My point here is that there is a good deal of uncertainty about basic aspects of Pleistocene hominin behavior.  This uncertainty is unlikely to ever be completely resolved.  As a result, I'm not convinced that looking for clues about human behavior and the design of the human brain in the behavior of Pleistocene hominins is necessarily the most efficient of productive avenue for understanding our psychology. I don't take the absolutist position that Buller seems to take that there is nothing to be learned about the present by studying the deep past (i.e., it is more than "pure guesswork").  I like the iterative approach of working between hypothesis generation and empirical test that Machery and Barrett describe and think that it sounds an awful lot like the process that most scientists employ in their work and it sounds like the way individuals adapt to dynamic environments.

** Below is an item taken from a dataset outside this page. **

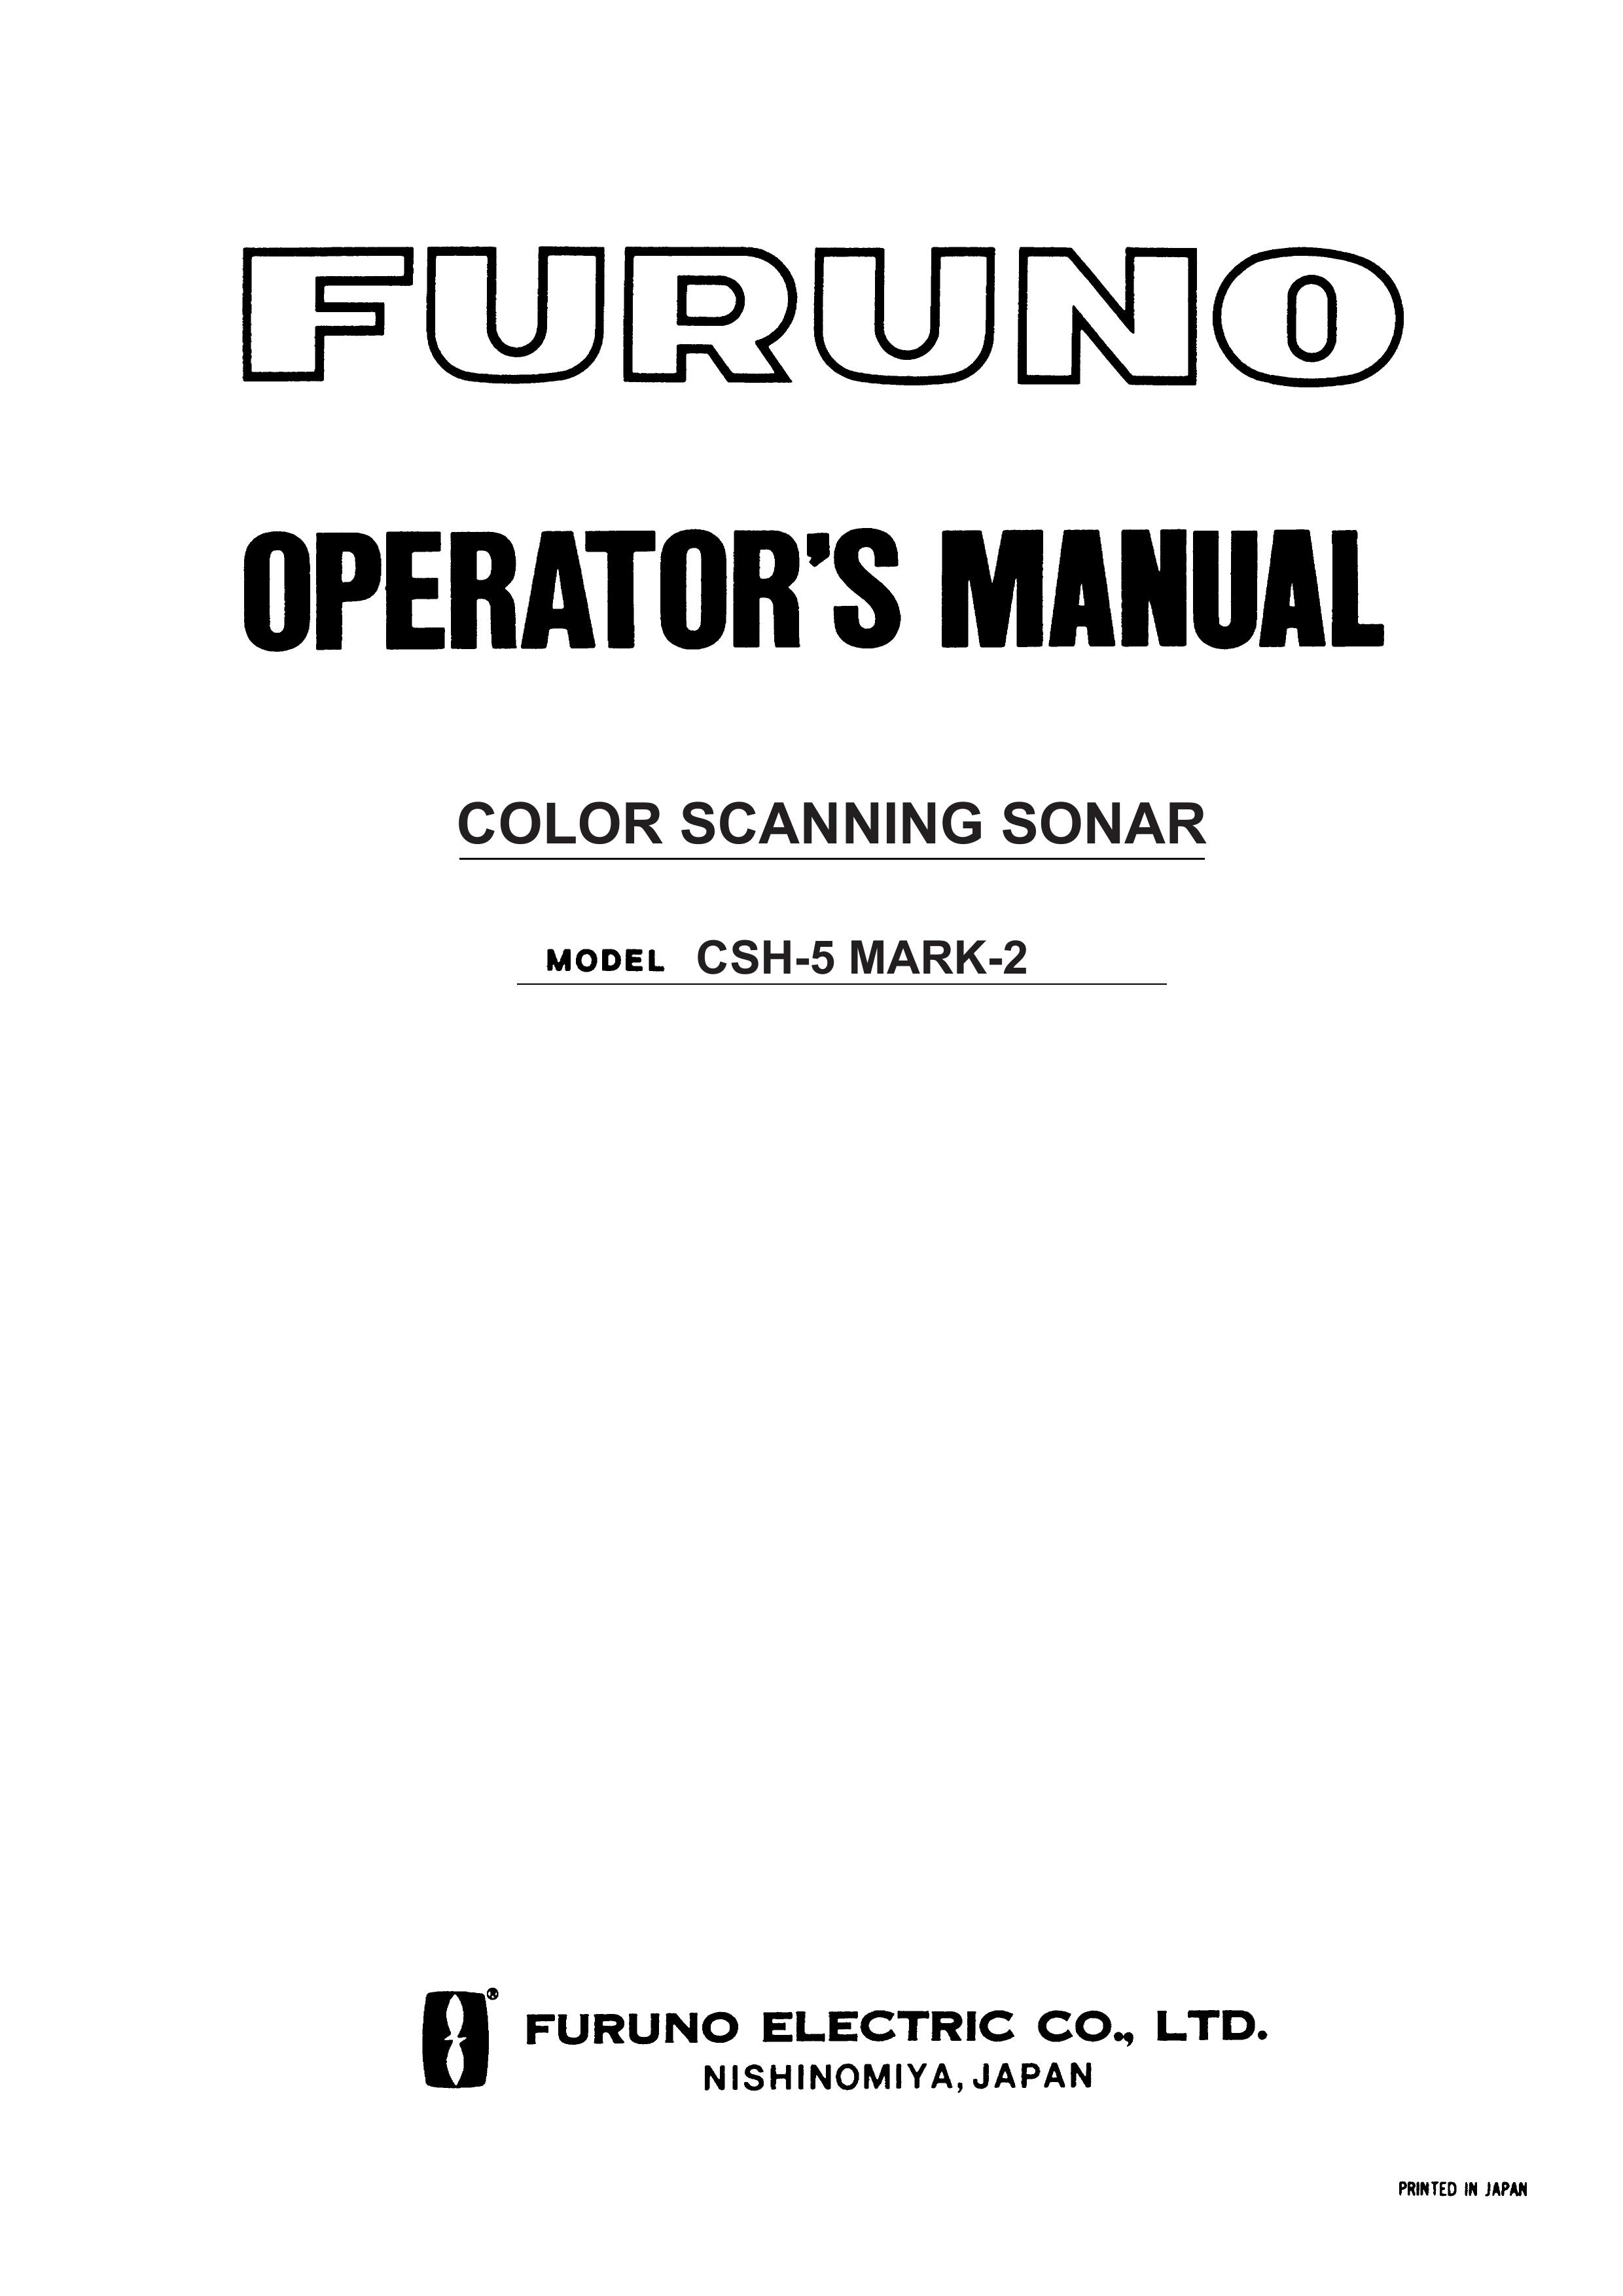 Furuno CSH-5 MARK-2 SONAR User Manual

I'll end this ramble with a question: Do you have to be an evolutionary psychologist to believe in Human Nature?  Buller seems to think so and to think that it's a bad idea.  I don't think of myself as an evolutionary psychologist, but I do think there is such a thing as Human Nature.  I am struck by the fact that despite the dizzying array of cultural diversity that is manifested by our species, a smile is a smile, embarrassment is embarrassment, and a look of consternation is a look of consternation.  We might find different things amusing, mortifying, or distressing but pretty much people everywhere experience these emotions and, because of our theory of mind, recognize them in others.  The work of Eckman, Eibl-Eibesfeldt, and Fernald, to name a few, is pretty compelling in this regard.  Do we have a cheater-detection module that was engineered in the Pleistocene?  Maybe.  Honestly, I don't care that much, but I do think that denying the existence of Human Nature is done at our collective peril.

References

Buller, D. J. (2005). Evolutionary psychology: the emperor's new paradigm. Trends in Cognitive Sciences, 9(6), 277-283.

Crume, T. L., DiGuiseppi, C., Byers, T., Sirotnak, A. P., & Garrett, C. J. (2002). Underascertainment of Child Maltreatment Fatalities by Death Certificates, 1990–1998. Pediatrics, 110(2), 1-6.

Daly M, Wilson M (2007) Is the "Cinderella effect" controversial? A case study of evolution-minded research and critiques thereof. In C Crawford & D Krebs, eds., Foundations of evolutionary psychology. Mahwah NJ: Erlbaum.

Machery, E., & Barrett, H. C. (2006). Essay Review: Debunking Adapting Minds. Philosophy of Science, 73, 232-246.

Wilson, M., & Daly, M. (1997). Life expectancy, economic inequality, homicide, and reproductive timing in Chicago neighbourhoods. British Medical Journal, 314(7089), 1271-1274.